Nell lo miró, exasperada.

—No quiero que llames. Trabajas tanto como yo. Éste es tu despacho. Pero... carraspea o toca la gaita, o silba, o lo que sea —se volvió hacia la carta.

Crash carraspeó.

—Me han encargado que te diga que, después de dos días lloviendo, por fin va a escampar y que está previsto que el sol se ponga en menos de quince minutos —dijo él.

La puesta de sol. Nell miró su reloj, maldiciendo para sus adentros. ¿Tan tarde era ya?

—Estoy esperando un fax del servicio de catering, y Dex Lancaster tenía que llamar para decirme si puede venir el viernes para hablar de unos cambios que quiere hacer Daisy en su testamento. Pero supongo que puede dejar un mensaje en el contestador —le dijo, pensando en voz alta—. Casi he terminado esta carta. Me daré prisa. Allí estaré. Te lo prometo.

Crash se acercó.

—Tengo órdenes de asegurarme de que llegas a tiempo, no cinco minutos después de que se ponga el sol, como el lunes pasado. Daisy me ha dicho que te diga que, según el pronóstico del tiempo, el cielo estará cubierto el resto de la semana. De hecho, se espera que nieve. Puede que incluso caigan dos o tres palmos de nieve. Puede que ésta sea la última puesta de sol que veamos durante una temporada.

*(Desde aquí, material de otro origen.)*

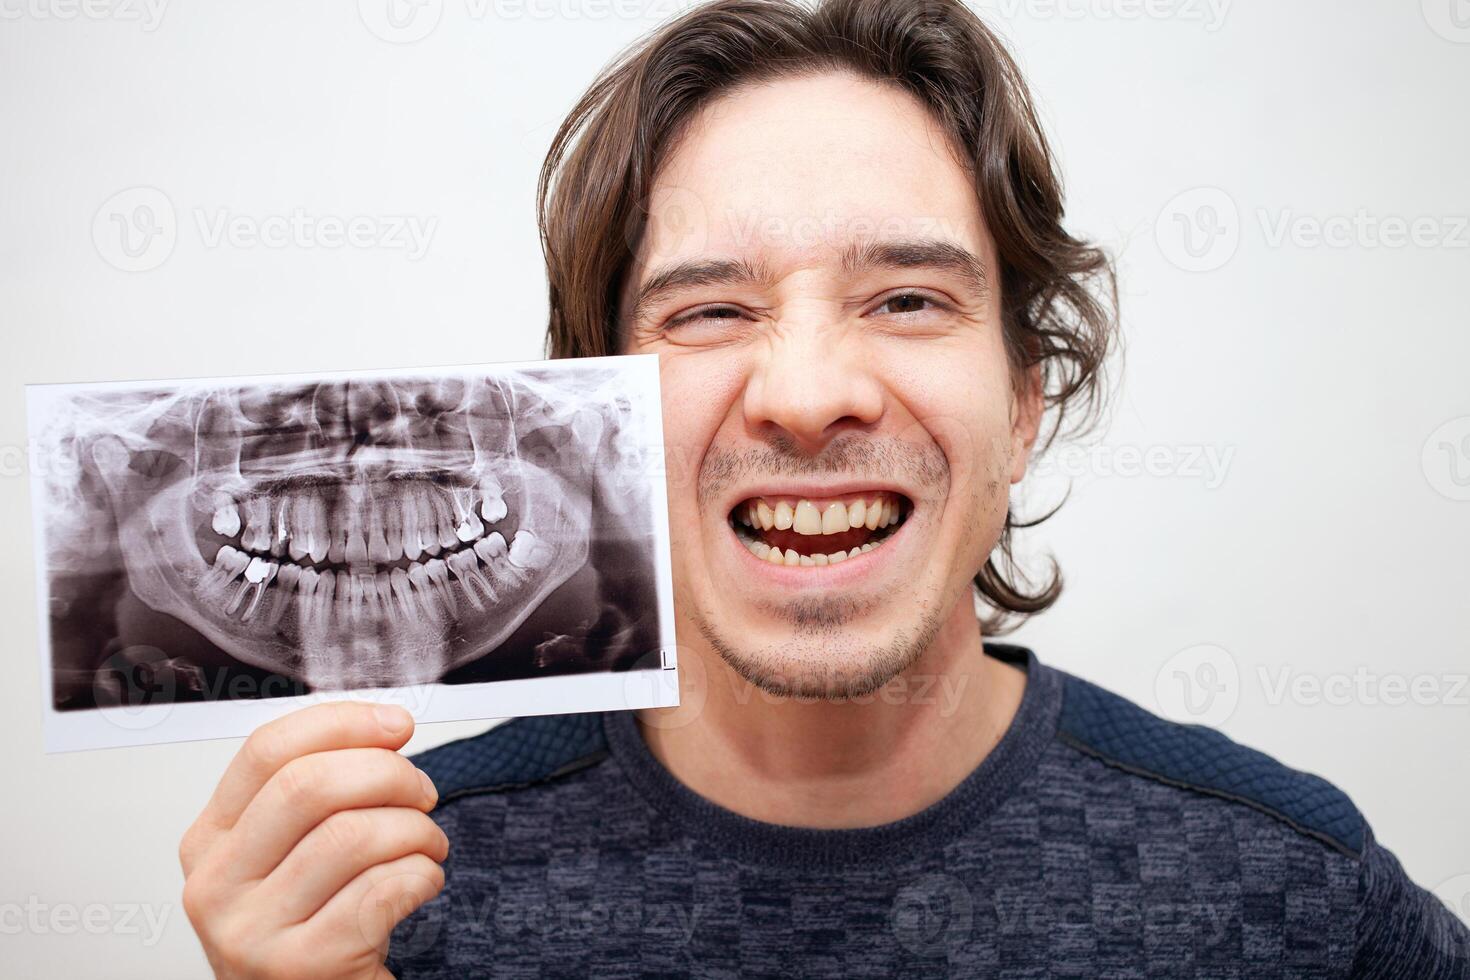 X-ray of teeth picture. man smiles, opens his mouth. Poses, portrait. isolated photo

La última puesta de sol. Cada puesta de sol que veían era una de las últimas de Daisy.

Desde hacía dos semanas, cada vez que había un día despejado, Daisy la hacía dejar lo que estuviera haciendo para que se reuniera con ellos en el estudio y contemplar desde allí la puesta de sol. Pero quedaba menos de una semana para la boda, y la lista de cosas que quedaban por hacer seguía siendo tan larga como su brazo. Además, el sol se ponía cada vez más temprano a medida que se aproximaba el invierno, y su jornada de trabajo era cada vez más corta.

Aquello le recordaba, por otro lado, que el paso del tiempo los acercaba constantemente al final de la vida de Daisy.

Miró su reloj de nuevo y fijó luego la mirada en los ojos acerados de Crash.

Vio con sorpresa que había en ellos un brillo de buen humor.

—He recibido órdenes de no fracasar —le dijo, lanzándole una sonrisa—. Lo que significa que tendré que tomarte en brazos y llevarte al estudio si no te levantas inmediatamente de esa silla.

Sí, ya. Nell volvió a mirar el ordenador.

—Deja que grabe este archivo. Y espera... Está llegando el fax del servicio de catering. Tengo que... ¡Eh!

Crash la levantó en brazos, como había dicho, se la echó al hombro como un bombero y salió de la habitación.

—Vale, Hawken, eres muy gracioso. Pero bájame —la nariz de Nell chocaba con su espalda, y sus brazos colgaban incómodamente. No sabía dónde poner las manos.

Él, en cambio, no parecía tener ese problema. Agarraba sus piernas firmemente con un brazo y la mantenía bien sujeta con la otra mano puesta directamente sobre su trasero. Su contacto, sin embargo, parecía impersonal. Una prueba más de que no le interesaba ni remotamente. Y después de dos semanas viviendo bajo el mismo techo que él, durmiendo en habitaciones contiguas y trabajando juntos veinticuatro horas al día, siete días a la semana, para preparar una boda que, sin saber cómo, había pasado de ser una ceremonia íntima con cuarenta invitados a convertirse en un acontecimiento descomunal al que asistirían trescientas personas, Nell no necesitaba más pruebas de ello.

A William Hawken no le interesaba. Nell se le había insinuado de todas las maneras posibles: mediante el lenguaje corporal, la mirada y hasta usando sutiles indirectas. Había hecho prácticamente de todo, excepto presentarse desnuda en su habitación.

Pero él siempre se mantenía a un metro de distancia de ella, como mínimo. Si estaba sentado en el sofá y ella se sentaba a su lado, se levantaba enseguida fingiendo que tenía que ir a buscar algo a la cocina. Siempre era educado, siempre le preguntaba si quería un refresco o una taza de té, pero cuando volvía tenía buen cuidado de sentarse al otro lado de la habitación.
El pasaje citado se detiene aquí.